Press the Scan button and you can take a point cloud scan, e.g.
Here’s the same scan as an interpolated wireframe if you’re having trouble making Abe out:
I haven’t had the chance to do much NDIToolbox work in the past month or so while I’ve been working on another project in the lab – it did involve lasers and a chance to play with C++ after many years’ absence so I’m not complaining. I did just push out an update this week that might be of interest if you’ve been running into memory problems. Hopefully this version’s a little more thoughtful when it comes to releasing memory it no longer needs.
Also in this version, I’ve added preliminary support for ultrasonic gate functions in the MegaPlot presentation. The functionality’s always been there but I’ve had it disabled until now while I was working out how to apply gates to three-dimensional data; I’m not 100% satisfied with the implementation but thought I’d enable it and come back to it later.
Update Wed Dec 26 12:23:44 CST 2012: managed to sneak some more work in on the project before the end of the year. It’s not in the documentation yet, but I’ve added exporting slices of a data file. Handy if you’re only interested in a subset of a much larger data file.
Finally, if you’ve ever wanted to just see screenshots and read about all of this NDIToolbox stuff instead of having to download everything, I’ve put a mirror of the current documentation up on the site. Have a look at the Quick Start for a primer on what NDIToolbox does, and the Plugins page to find out about…plugins. Developers might also be interested in how to write plugins. Sample plugin code is available that demonstrates how to write a server-based plugin, and how to combine Python with Java or C++.
NDIToolbox has been able to generate B-scans from ultrasonic data for a while now, but you had to know how to take slices of data.

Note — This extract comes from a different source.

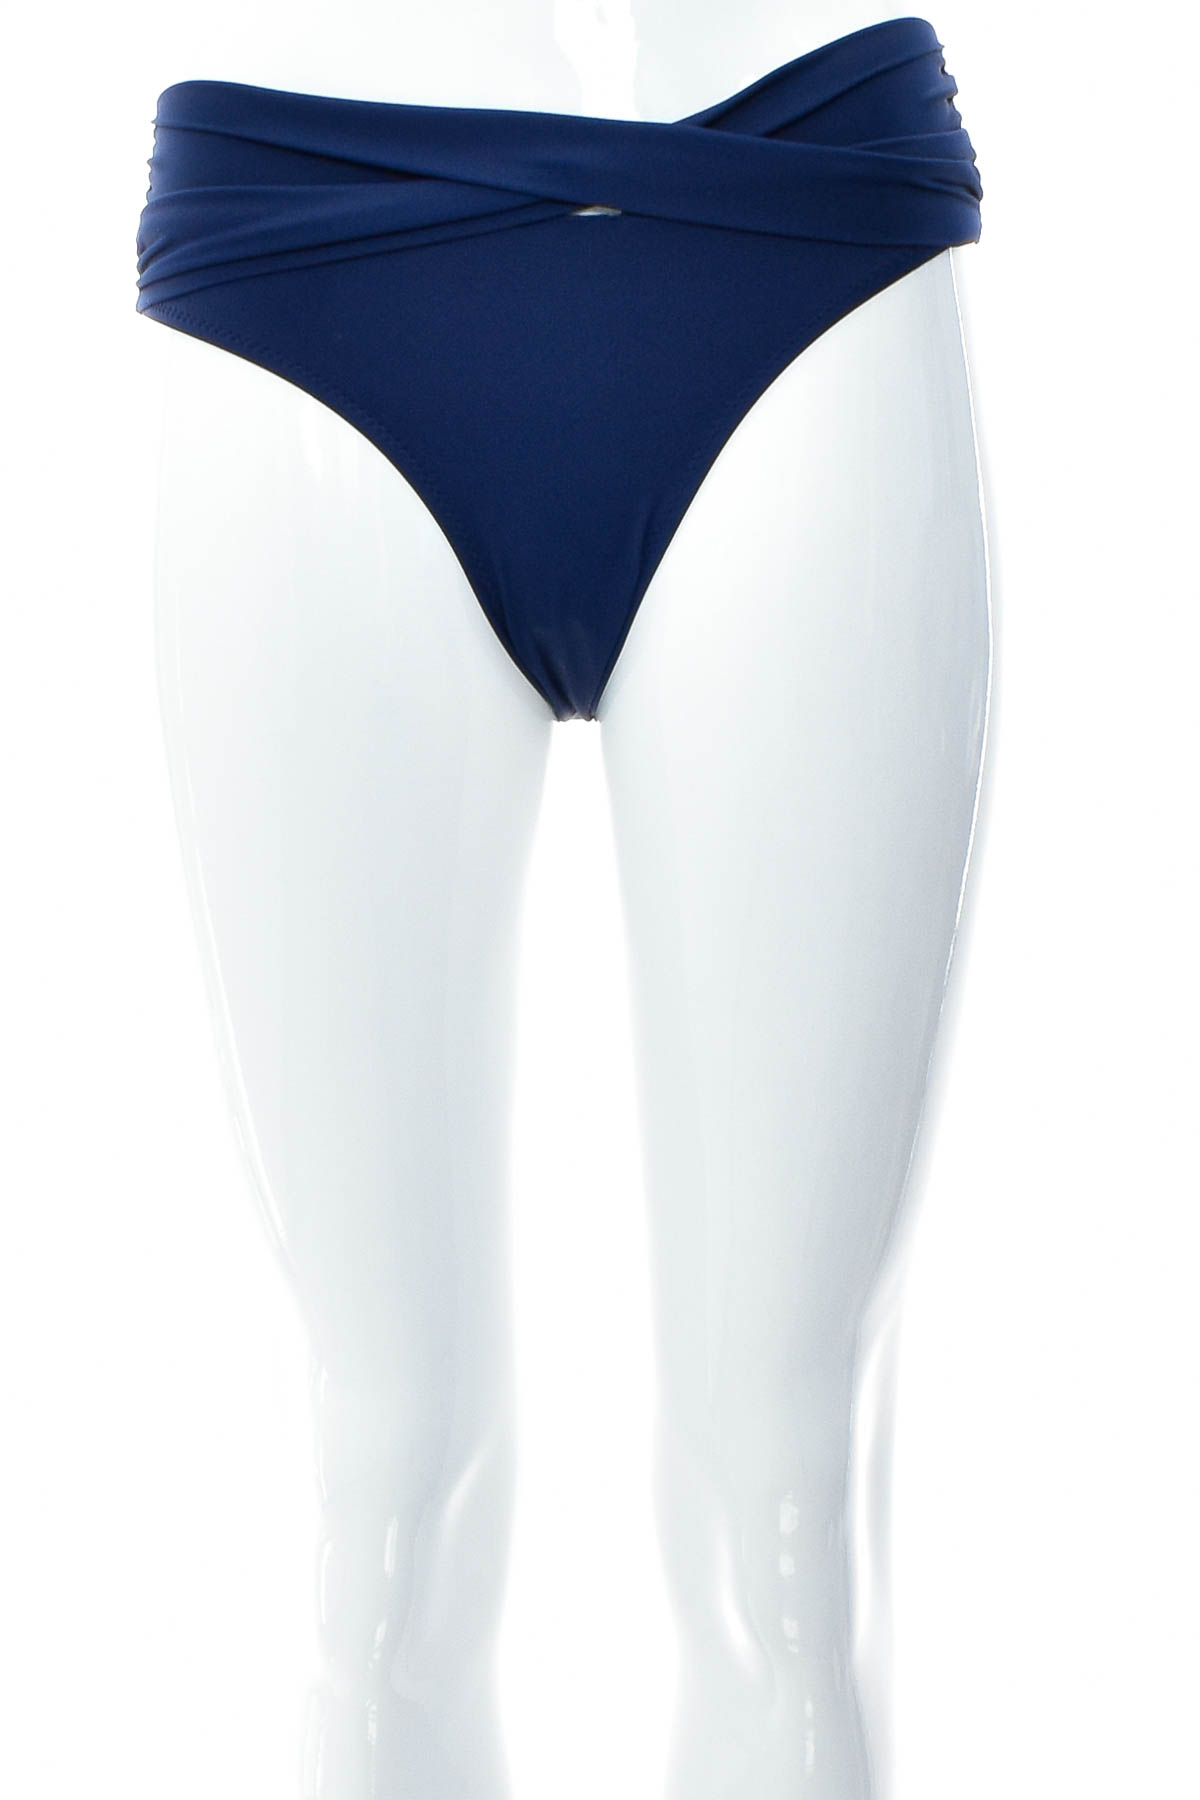 Women's swimsuit bottoms - ANNA FIELD - 0

I just added a switch in the Megaplot presentation that will now do it for you automatically. Here’s what I’m talking about:
For comparison, here’s the usual Megaplot presentation:
Also available for testing is a new NDIToolbox installer for the Windows binary distribution. Tested to work under Windows 7 and 8. Available from the NDIToolbox Downloads page. As always I recommend downloading the Python version rather than the precompiled binary since it’s so much easier to keep up to date, but it might come in handy if you don’t want to install a bunch of dependencies and just want to get started right away.
Another update to NDIToolbox today, I’ve just added the ability to import data from a couple of ultrasonic NDT systems. These imports are still a little flaky because a) we haven’t finalized the HDF5 format we’ll be using in NDIToolbox and b) proprietary binary file formats being what they are, but for what it’s worth I’ve used them on the data I could get my hands on from some immersion tank scans done here @ TRI World HQ and elsewhere and they will at least let you display your data, so it’s a start. Hopefully I’ll be able to improve their functionality and add a few more importers as the project goes on.

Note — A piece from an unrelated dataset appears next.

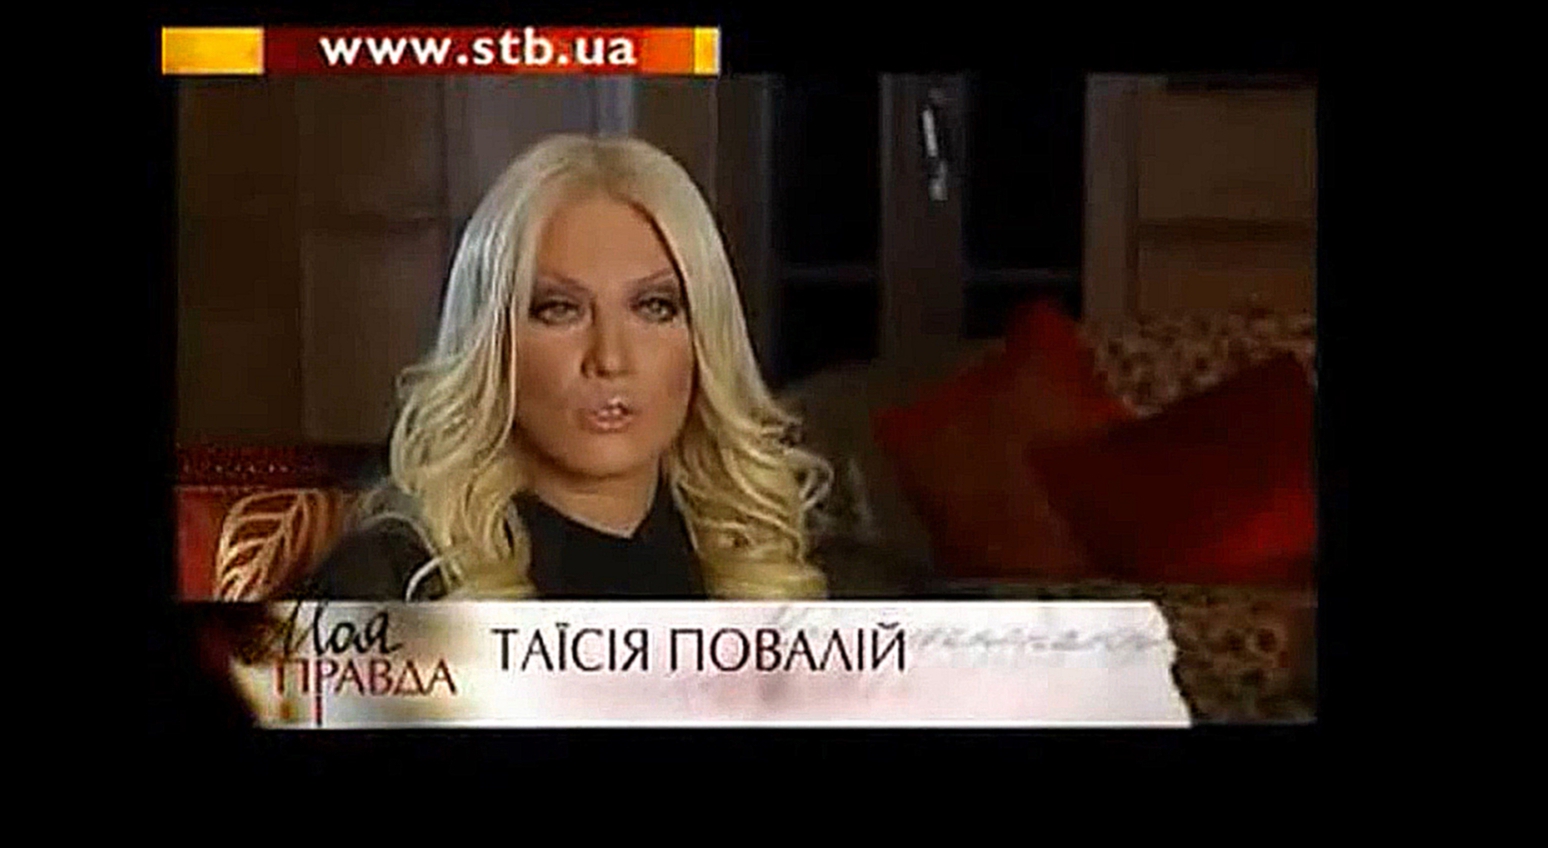 «Моя правда. Таисия Повалий» / «Без гламура» 2008 Укр. версия

Other recent but decidedly less interesting changes:
- Support for manual garbage collection – if you’re playing with large data and you get warnings about being out of memory, you can opt to clear some out to keep working. I’ll be implementing HDF5 slicing at some point so this is a temporary work-around.
- Fixed a bug in plugins-plugin support folders can now contain Python modules.
- All data retrieval functions now in a separate module (models/datio.py) so your code can use them directly.
As always, the source code is up on Bitbucket and a Windows binary is available as well. These changes will also find their way into NDIToolbox Labs – we’re still plugging away on integrating the Automated Data Analysis (ADA) Toolkit into Labs but making progress.